Django Unchained (2012) Review: Tarantino’s Blood-Soaked Revenge Epic
“I’m sorry, I couldn’t resist,” the thick-accented Christoph Waltz says after running a bullet through Leonardo DiCaprio’s heart, outrightly sealing his own death sentence. And this is not even the peak of this incendiary masterpiece from the undisputed king of narcotic cinema, Quentin Tarantino.
It’s unwholesome, deplorable, and delicious as a forbidden… well, anything.
Django Unchained is Spaghetti Western love story following a recently freed slave, Django Freeman (Jamie Foxx) who trains under his messiah, a German bounty hunter Dr. King Schultz (Christoph Waltz) with the ultimate goal of reuniting with his long lost wife (Kerry Washington)
It’s a Tarantino film so obviously the visuals are spectacular, the dialogues are long and delightful and the violence, well, as gruesomely exciting and as graphically deplorable as they can possibly be.

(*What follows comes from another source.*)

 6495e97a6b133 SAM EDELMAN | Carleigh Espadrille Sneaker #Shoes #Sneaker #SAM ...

From Kill Bill trilogy, Pulp Fiction, and Inglorious Basterds, we already know Tarantino is one of the greatest directors to ever do it. But in Django Unchained, the Film maestro proves that his writing prowess is unmatched.

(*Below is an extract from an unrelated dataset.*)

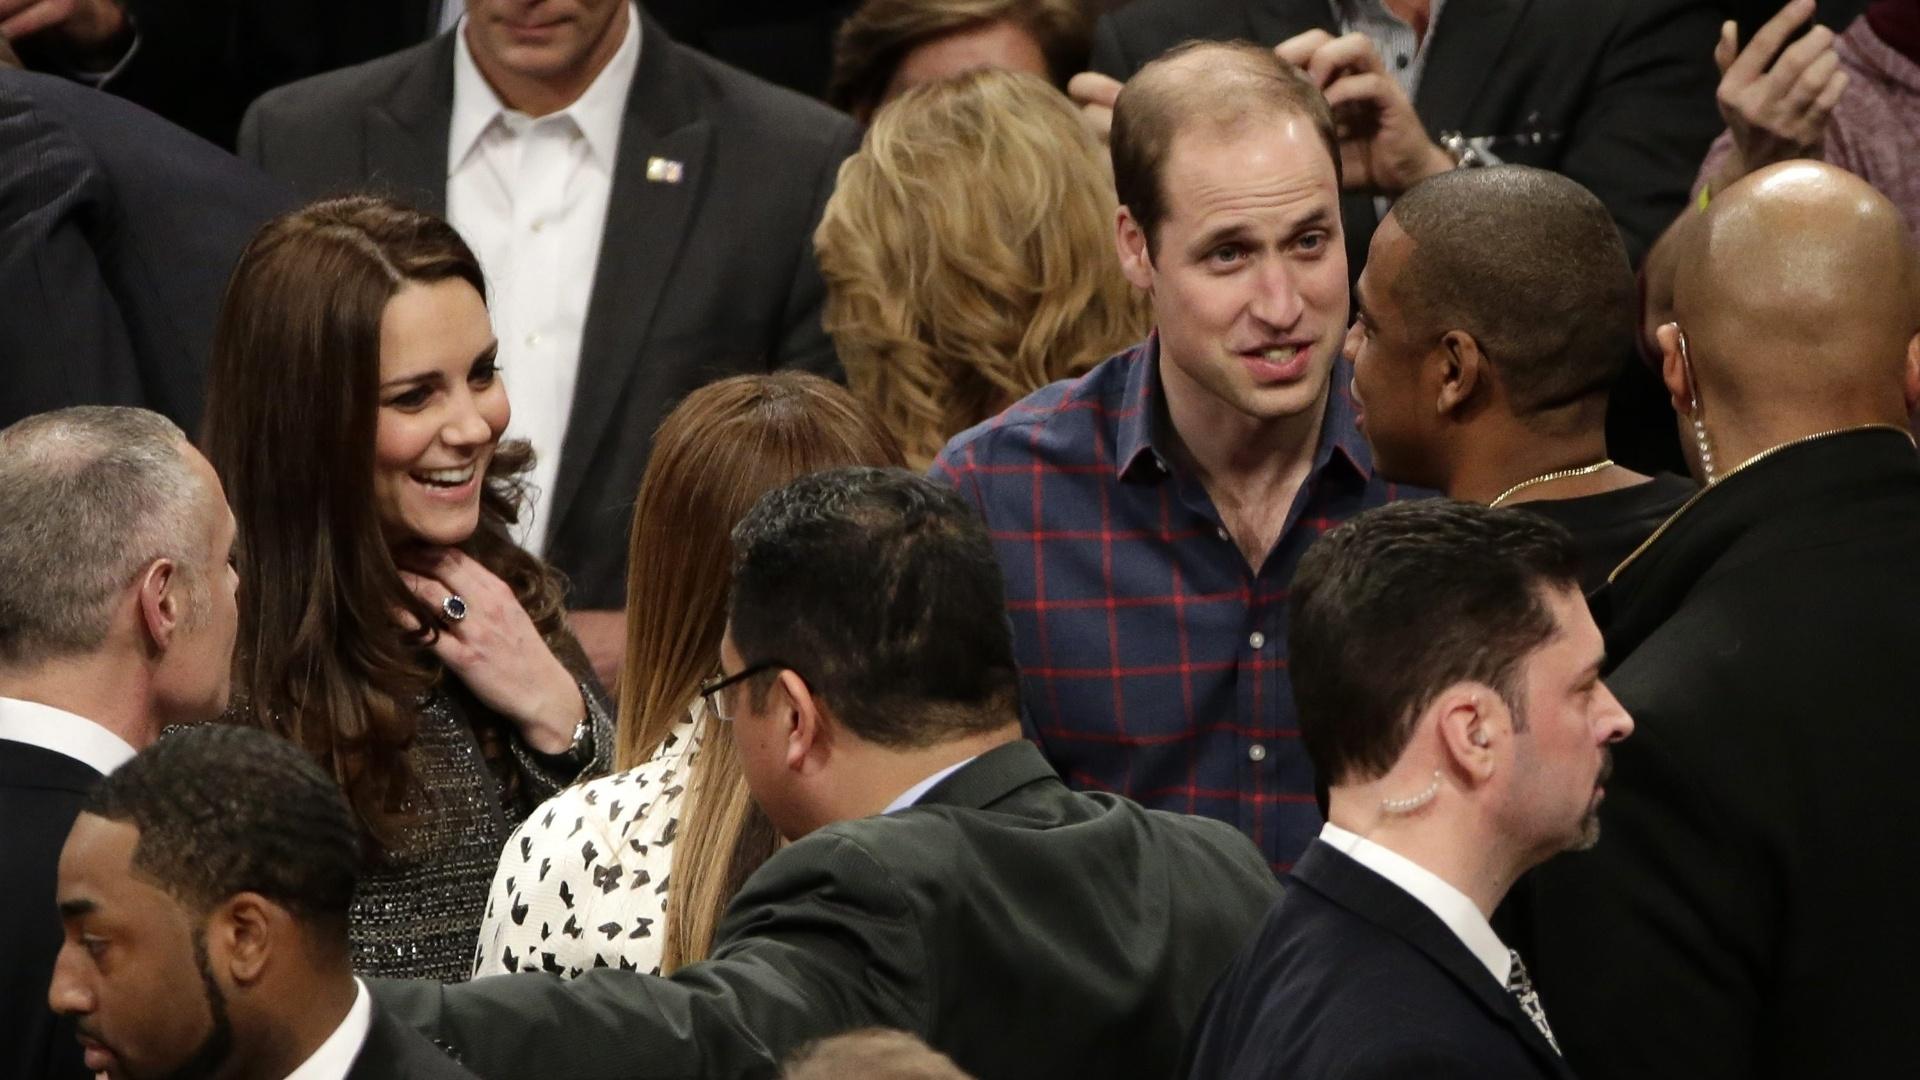 8.dez.2014 - Príncipe William e Kate Middleton assistem a uma partida de basquete da NBA em Nova York nesta segunda-feira. O casal encontrou a realeza do R&B, Beyoncé e Jay-Z

This time Tarantino maintains a linear narrative, only occasionally darting to Spaghetti flashbacks. Compared to his previous work, the plot is rather simple which further serves to heighten the stakes.
Our two protagonists, Django and Dr. Schultz meet earlier on in the opening scenes. Dr. Schultz, in a scintillating display of murder, frees our hero, and the director works hard to establish a kinship between these two otherwise different men.
Now if you thought Christoph Waltz was brilliant in Inglorious Basterds, here he dazzles. He more than deserved the Oscars he got. Jamie Foxx plays the lead with such brazen swagger you fall in love with him from the get-go. And Leonardo DiCaprio, damn! Why do they keep snubbing this dude for the Oscars? What a performance! What an actor!
The director himself makes a cameo, first as part of a rather comic entourage on a mission to teach “the nigger” a lesson. Of course, he is masked but Tarantino has the most recognizable voice even when he is “acting”. His second appearance is as a member of a slaver gang who meets a ghastly end.
And while the director received no nomination for his acting, he bagged an Academy Award for Best Original Screenplay in addition to several other accolades the film received.
Django Unchained is bold, bloody, and stylistically daring, and in my opinion, remains the best film Tarantino has ever written.